田言眨巴着眼睛将视线又落回了徐延的身上,徐延的嘴角一扬,又快速垂下了。
可是田言似乎着迷起斗嘴来了,她坐直了身子一脸正经地冲徐轼道:“徐轼你会不会感受你们太自私了?显着是你们亏欠世子许多,现在又要让他为了徐家家主去见丰臣秀典,你们有没有良心?你别忘了你之前还要弄死他呢!世子手下有那么多腾龙密谍要养,世子要有个意外,你取代他去皇上身边做事么?你要养那些腾龙密谍么?你要护着沈家,护着我娘舅他们么?你能取代世子在我心情欠好的时候毒打你一顿么?你连我家的亲戚都认不全吧?”
徐延挑眉,他居然不知道他家的小狼崽儿还喜欢唱戏。
徐轼目瞪口呆,杨曼却抓住了重点:“你心情欠好的时候还打你喜欢的男子呀?”
田言笑盈盈地看向了杨曼:“你有过男子嘛?如果你有,你就会明确我说的是什么意思。

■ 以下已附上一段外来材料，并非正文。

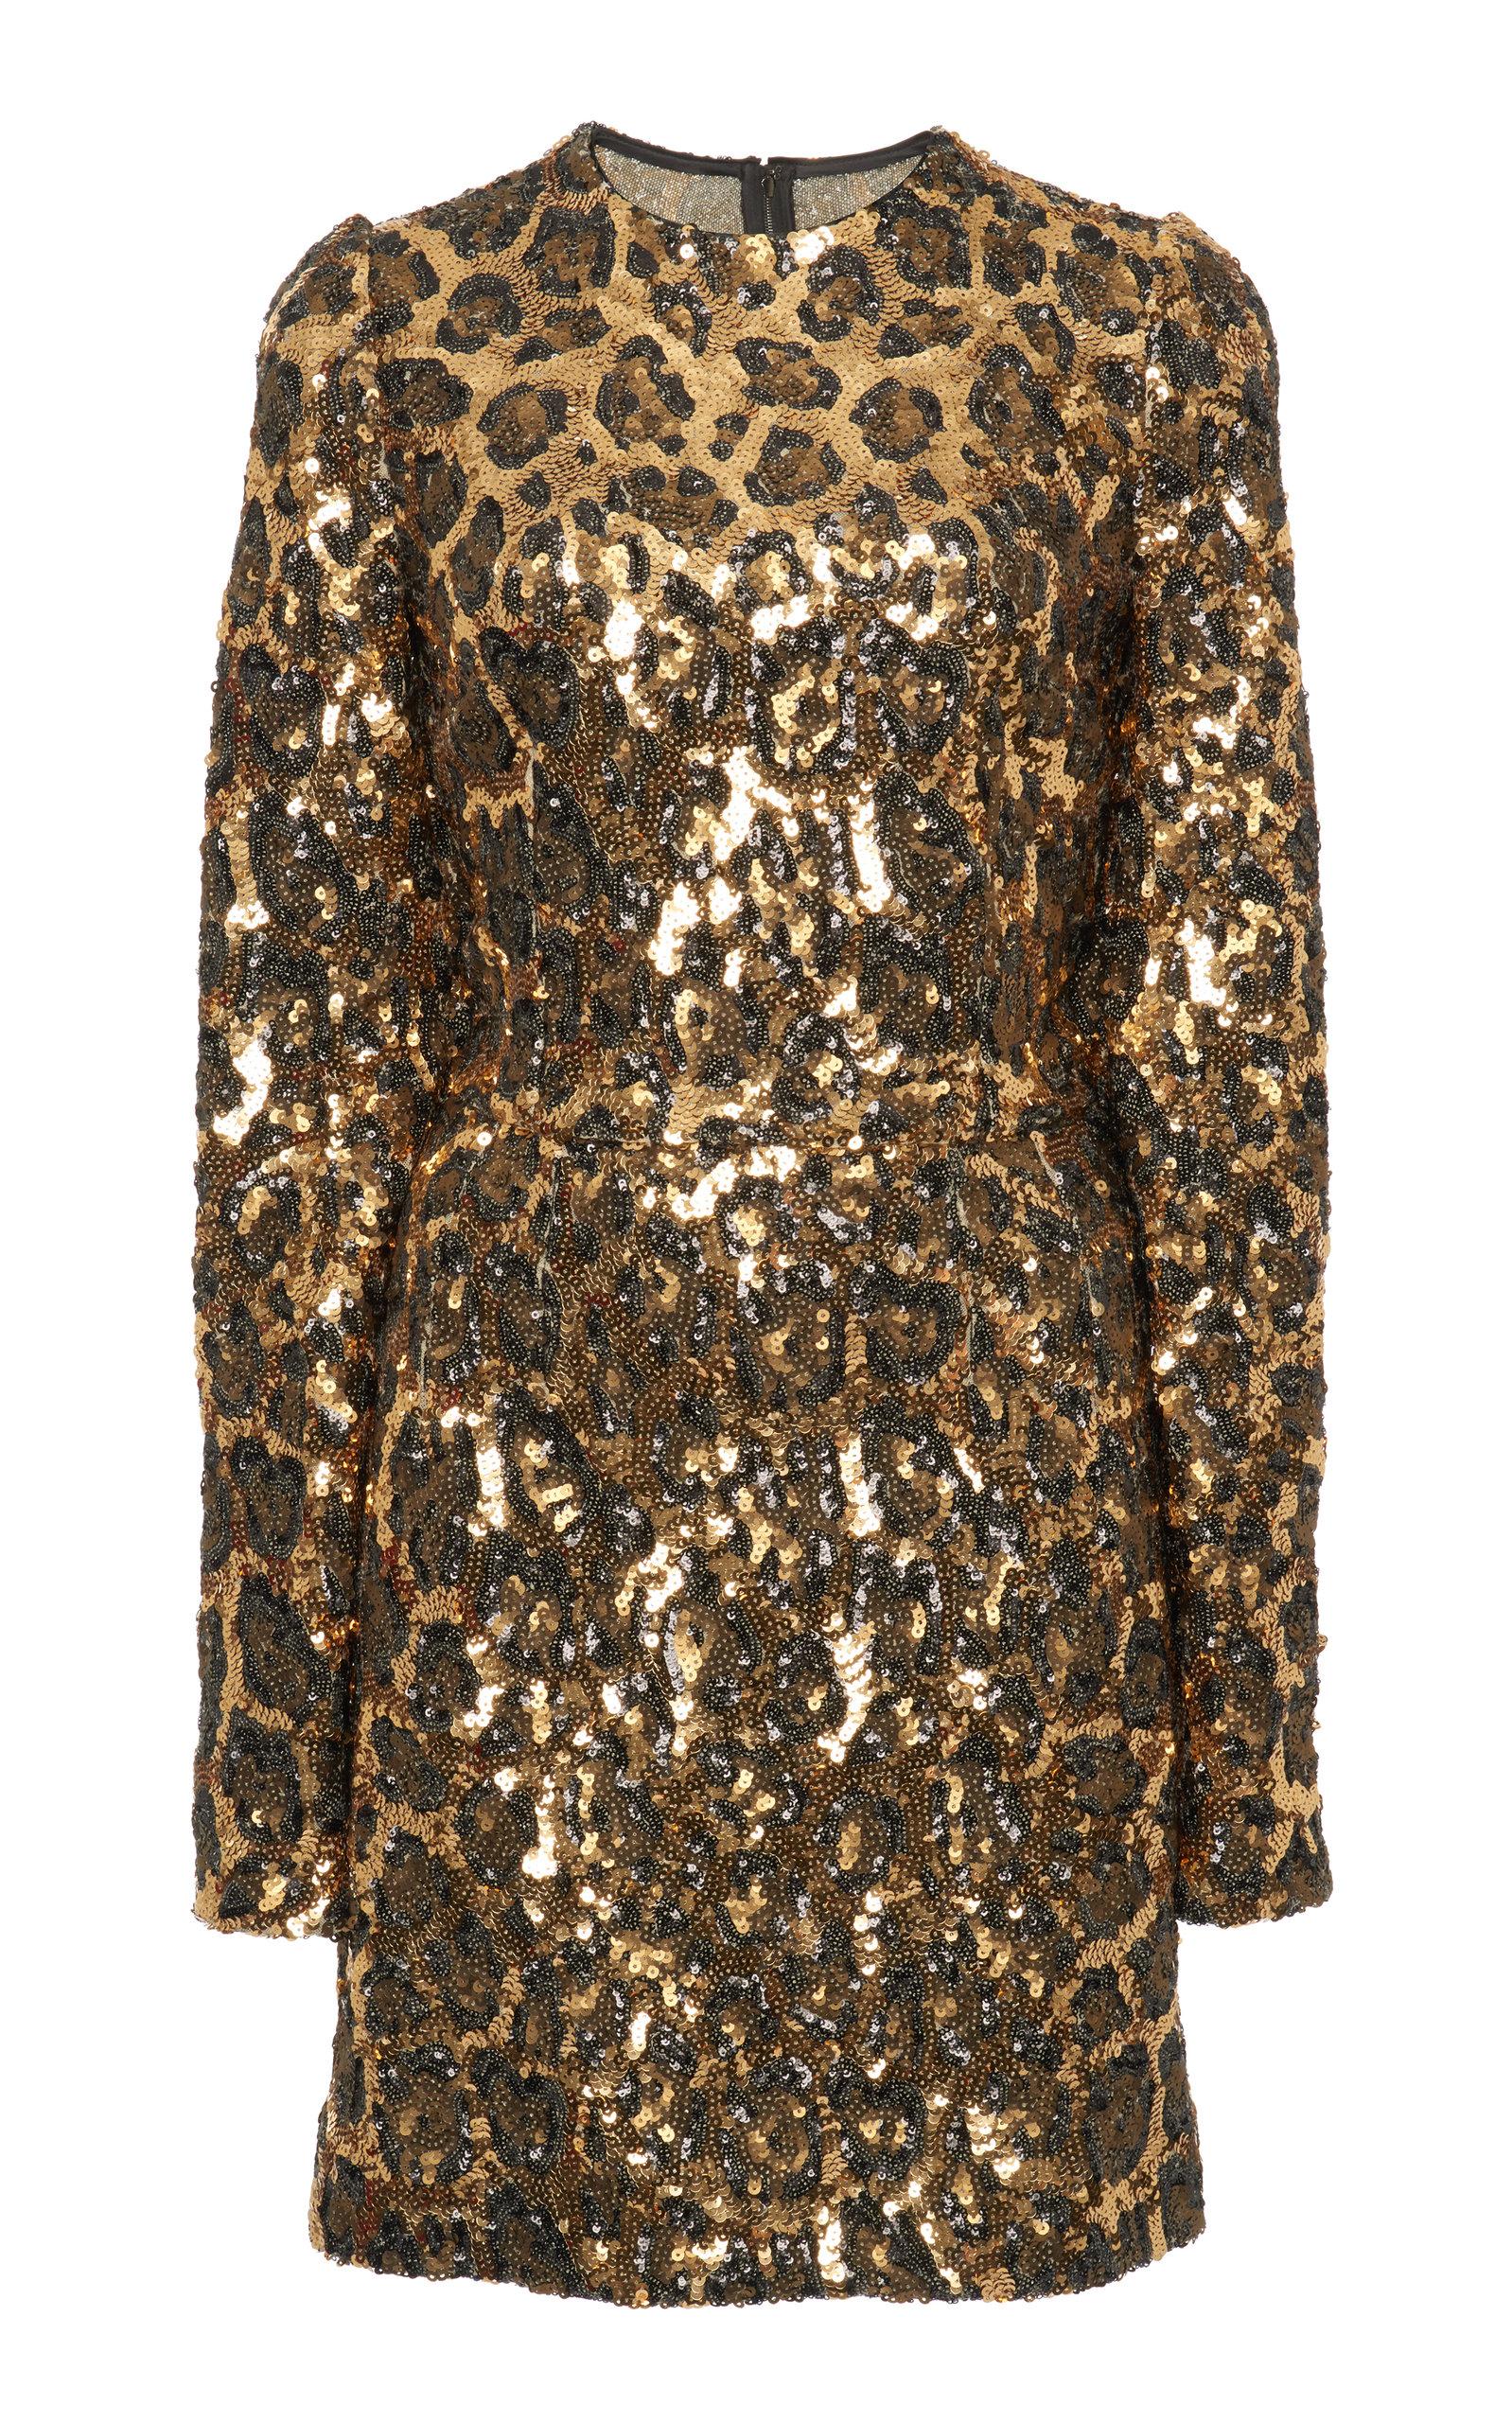 3eaa6a5d43 DOLCE & GABBANA LEOPARD PRINT SEQUIN MINI DRESS, ANIMAL | ModeSens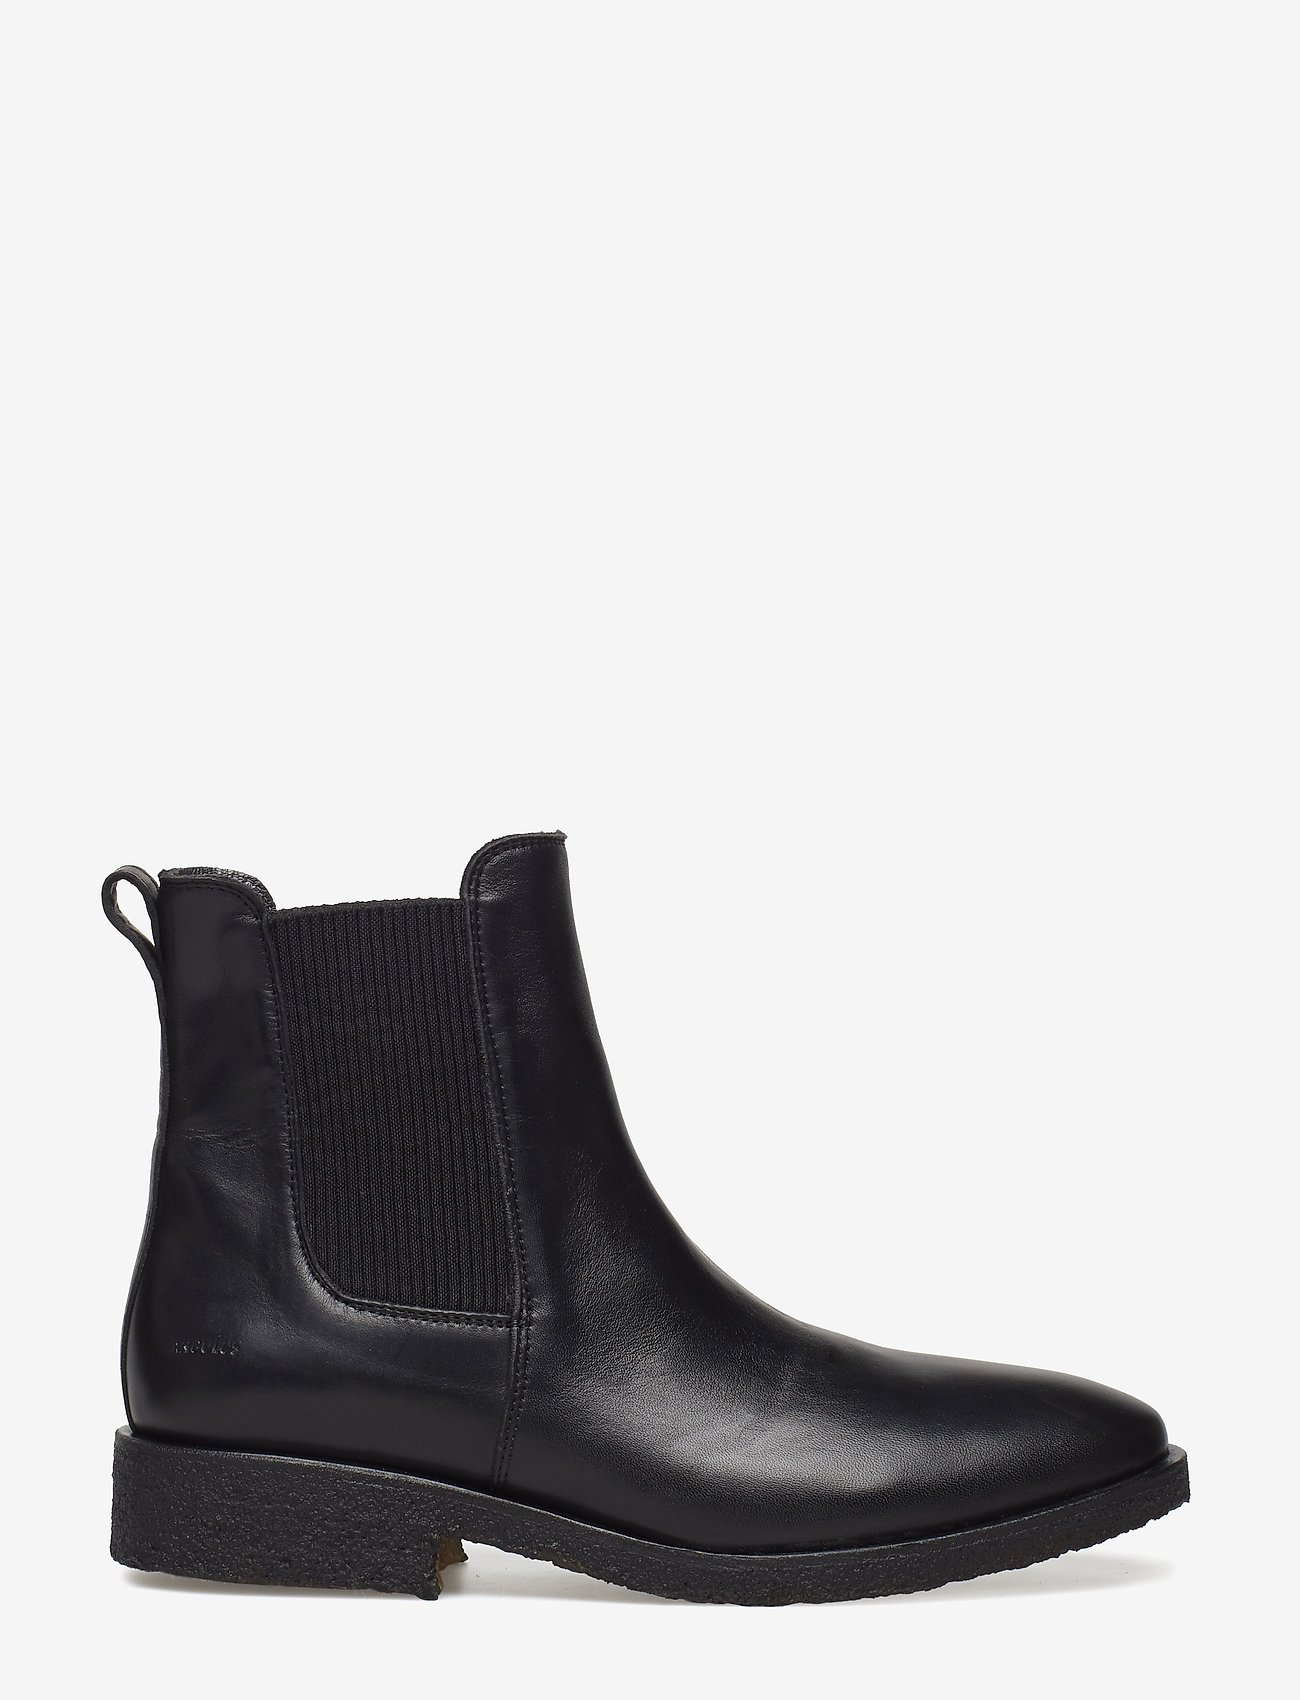 ANGULUS - Booties - flat - with elastic - stiefel - 1604/019 black/black - 1

”
“我没有,我也不知道你说的是什么意思。”杨曼接话。
“你们不会出任何意外,我是徐轼又不是我兄长,有意外也是我顶着,我不会让你的男子受损伤的,你为什么就不信我呢?不是我怕丰臣秀典,也不是我对他妥协,这也只是一项生意业务,我也绝不会让你们亏损。”徐轼拧了眉毛,他感受田言说的自己大部门都做不到,尤其是陪女人这一件。
田言瞄向了徐轼:“那你说我会允许么?”
徐轼站起了身来,瞧着他身上的戾气开始往外涌了,张带就在一旁扁了嘴,就听徐轼郑重隧道:“我会同你们一起去,丰臣秀典在我的船上与我们见一面,我能保证你们的清静,不管如何,兄长的骨血是爹娘给的,他帮我一次,不外份吧?”
一听这个田言便火了,她一拍桌子站了起来:“什么叫骨血是你爹娘给的?他早就被先皇后洗筋伐髓了,他连尿出去的尿都与你们徐家无关了!这个时候要他帮你们,你们生他的时候经由他同意了吗?是你们自己有野心,却又不敢像温良那样明里起义,求人服务就你这幅样子?我大南朝皇上亲封的世子与职方司女官凭什么任你驱使?”
徐延瞪大了眼睛瞄着田言,他真没见过田言生机的样子,他从小便身陷后宫的争斗,又孤身闯过北线战场、深入大漠又南下漂洋过海,怎么他这个时候心里突然就犯怵了?
徐轼也被田言震住了。
就在凉亭里的所有人都被田言的威风凛凛压制时,田言却坐回了椅子,她又托了下巴道:“我们也不是不能去,你企图给我们什么利益?”
田言的情绪转换的有些快,徐轼有些切换不外来,他甚至想骂田言一句“你神精病吧”,只是他生生忍住了。
“不要再把他与你们徐家挂上勾,你们是你们,我们是我们,我现在还能容忍你叫他兄长,也许以后你再这样叫他,我就骂你了。”田言又加了一句。